Neel makes $65,000 to $70,000 a year and has $45,000 tucked away in his 401(k) plan. But that's not nearly enough to attract many fee-only financial planners in Los Angeles, who typically require that a potential client have at least $100,000 in assets. These planners usually want to manage their clients' money on a continuing basis in exchange for a percentage fee, rather than providing a one-time plan or working at an hourly rate.
Fortunately, some financial planners do specialize in middle-income clients, including Margie Mullen, a fee-only advisor in Los Angeles. She was able to advise Neel that, while he needed to make a few changes, he was doing many things right.
"He's a perfect example of someone who started saving and investing early," Mullen said. "No matter what comes along, he's going to have that discipline of 'pay yourself first.' "
Neel tucks 15% of his salary into his company's 401(k), plus $2,000 a year into a Roth IRA. In addition, he puts $400 a month into a taxable investing account.
Neel is also debt free. He avoids car payments by using a company-provided vehicle, and pays off his credit cards in full every month. That's a lesson he learned from his parents, who lived well but conservatively in a Portland suburb and who talked to him about the importance of staying out of debt.

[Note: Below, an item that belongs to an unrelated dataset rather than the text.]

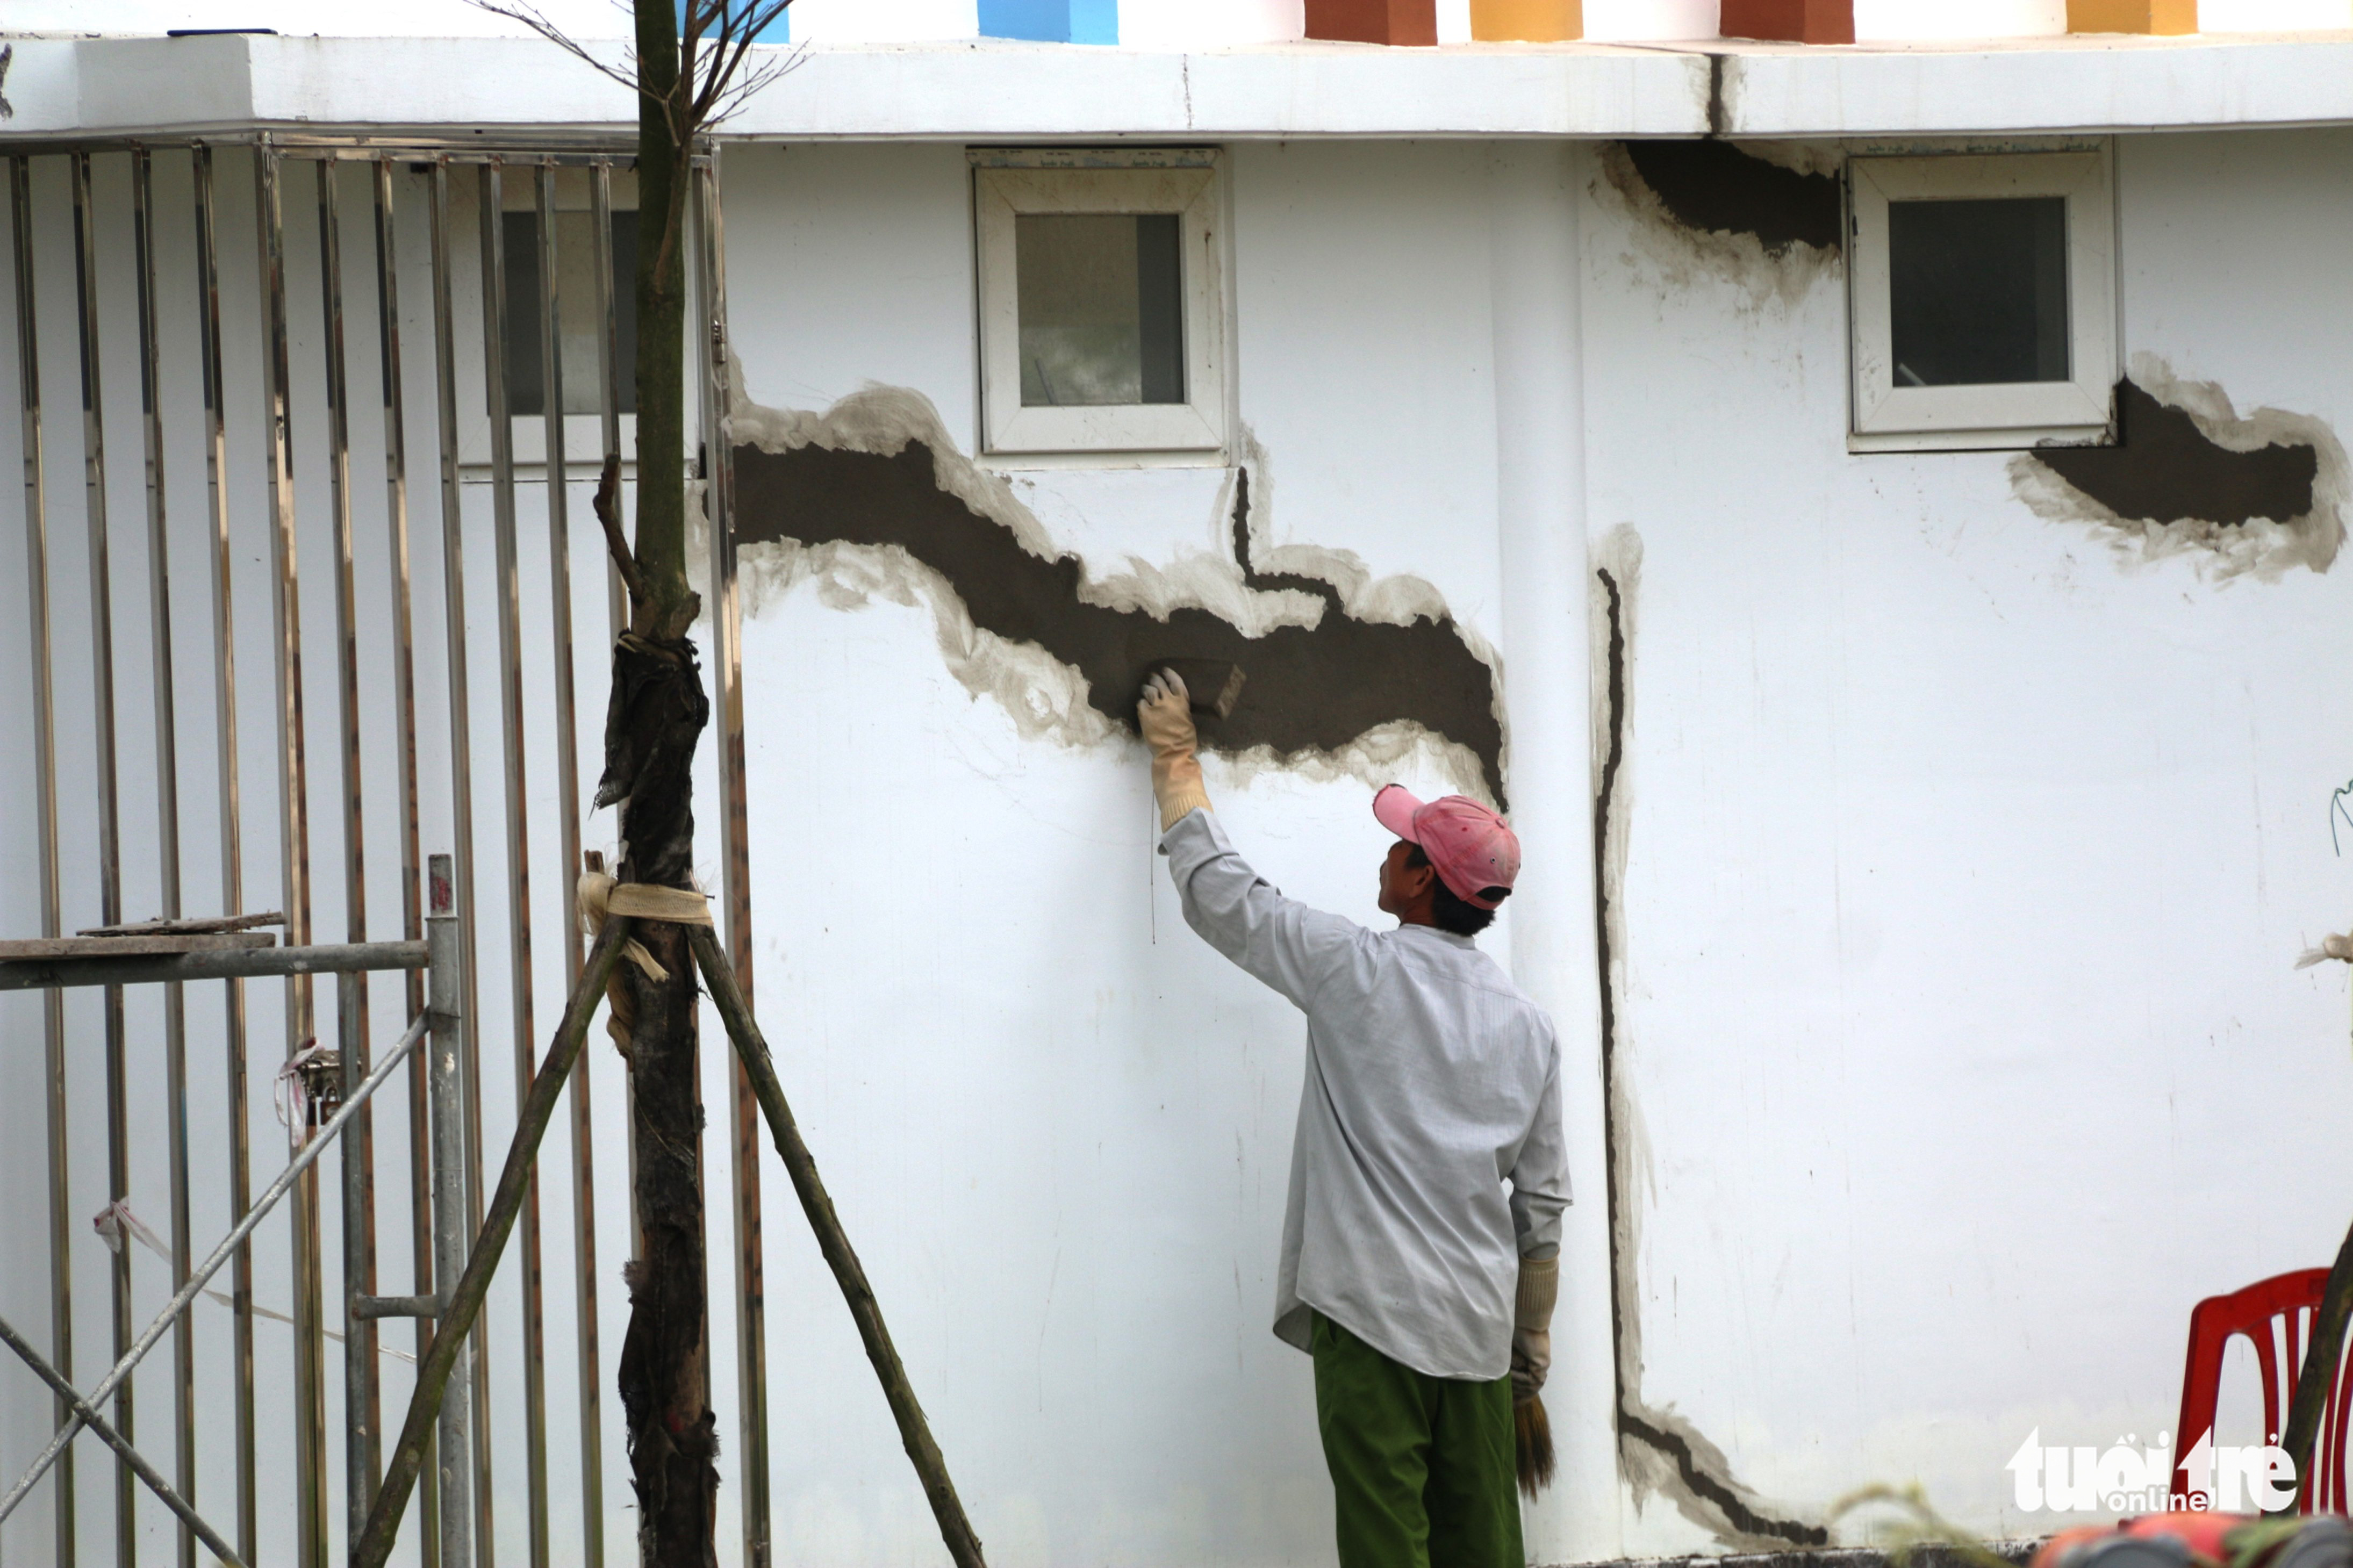 A worker fixes the cracks at Hoang Mai Kindergarten in Thua Thien-Hue Province, Vietnam. Photo: Nhat Linh / Tuoi Tre

Neel's father also encouraged him to begin contributing at age 17 to an individual retirement account. Neel's dad presented him with a list of no-load mutual funds, and Neel picked one that had been performing well at the time.
Neel has continued the habit of selecting investments based on recent performance, rather than how the investments fit into his long-term plans. And that's unfortunate, Mullen said.
For example, Neel recently switched his 401(k) allocation out of two stock funds and into his company's stock because the stock had been performing better recently. But Mullen said having half of his retirement money and his salary riding on one company was too much of a risk.
Neel also was unhappy with the recent performance of his other investments, including two mutual funds and two stocks--Cisco Systems Inc. and Sun Microsystems Inc.--both of which have lost more than half their value since he bought them last year.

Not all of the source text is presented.